### [Your goal]
Copy exactly and only the lines running from the one that contains "GB Speicher-Kit 8x32GB,1,35V,VengLPX" to the final line of the data below, without the pictures.

═══ Dataset excerpt

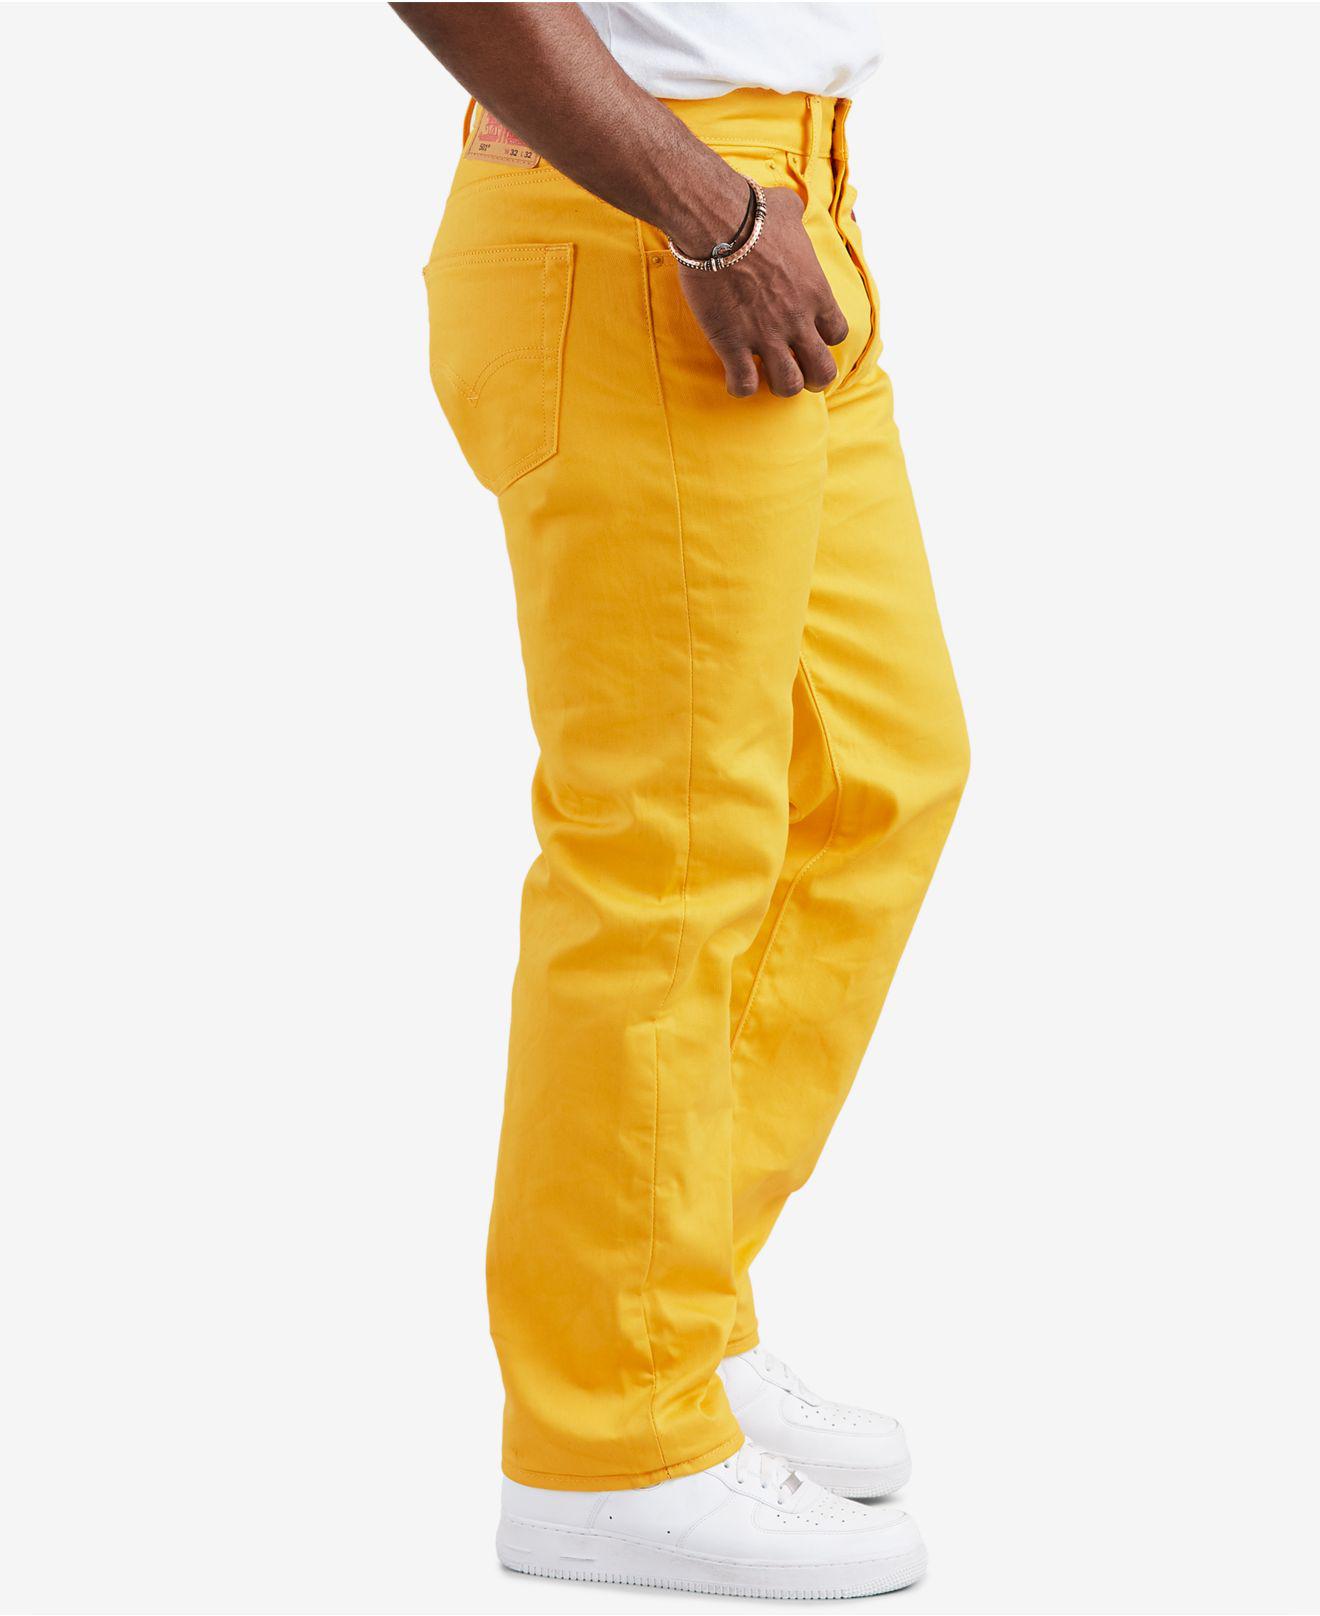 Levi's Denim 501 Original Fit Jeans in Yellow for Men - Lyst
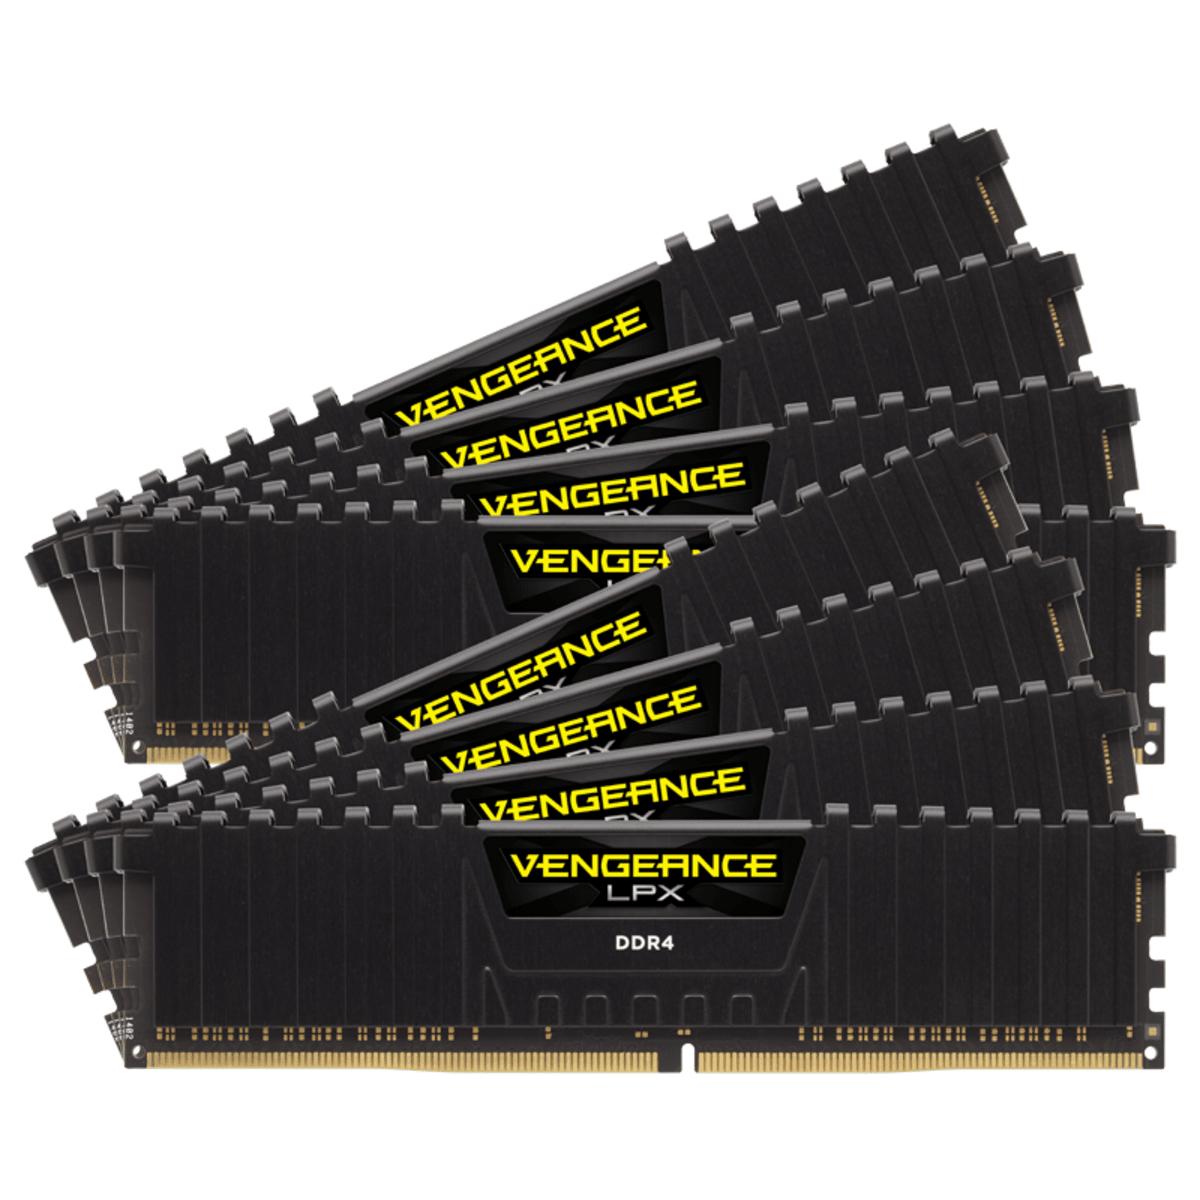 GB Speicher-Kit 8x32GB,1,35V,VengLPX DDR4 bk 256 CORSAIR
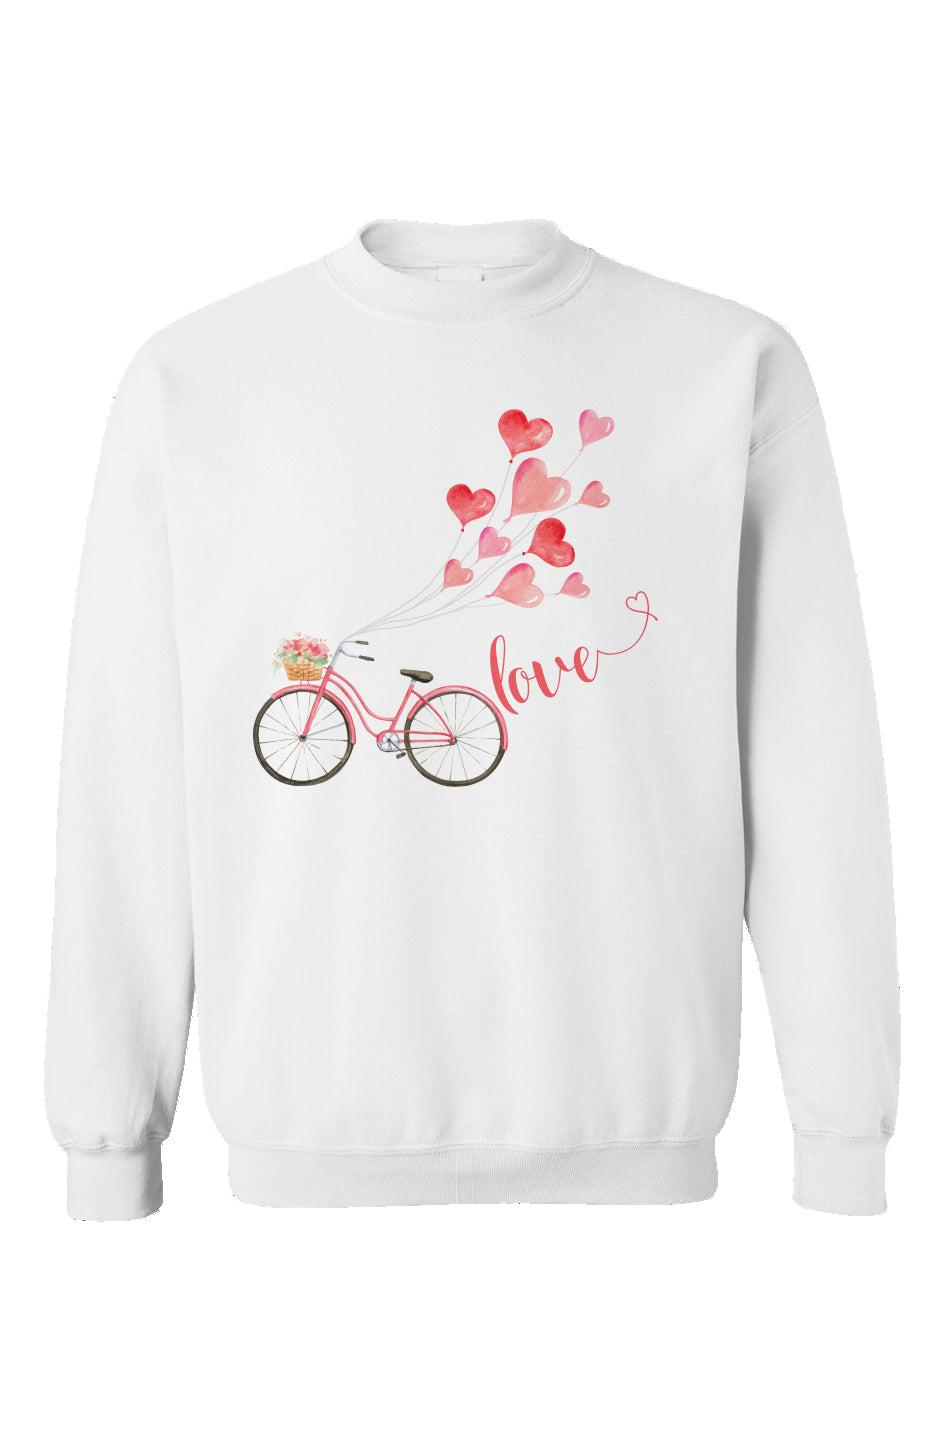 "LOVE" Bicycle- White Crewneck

══════

### [Reply to the task]
 GB Speicher-Kit 8x32GB,1,35V,VengLPX DDR4 bk 256 CORSAIR
 "LOVE" Bicycle- White Crewneck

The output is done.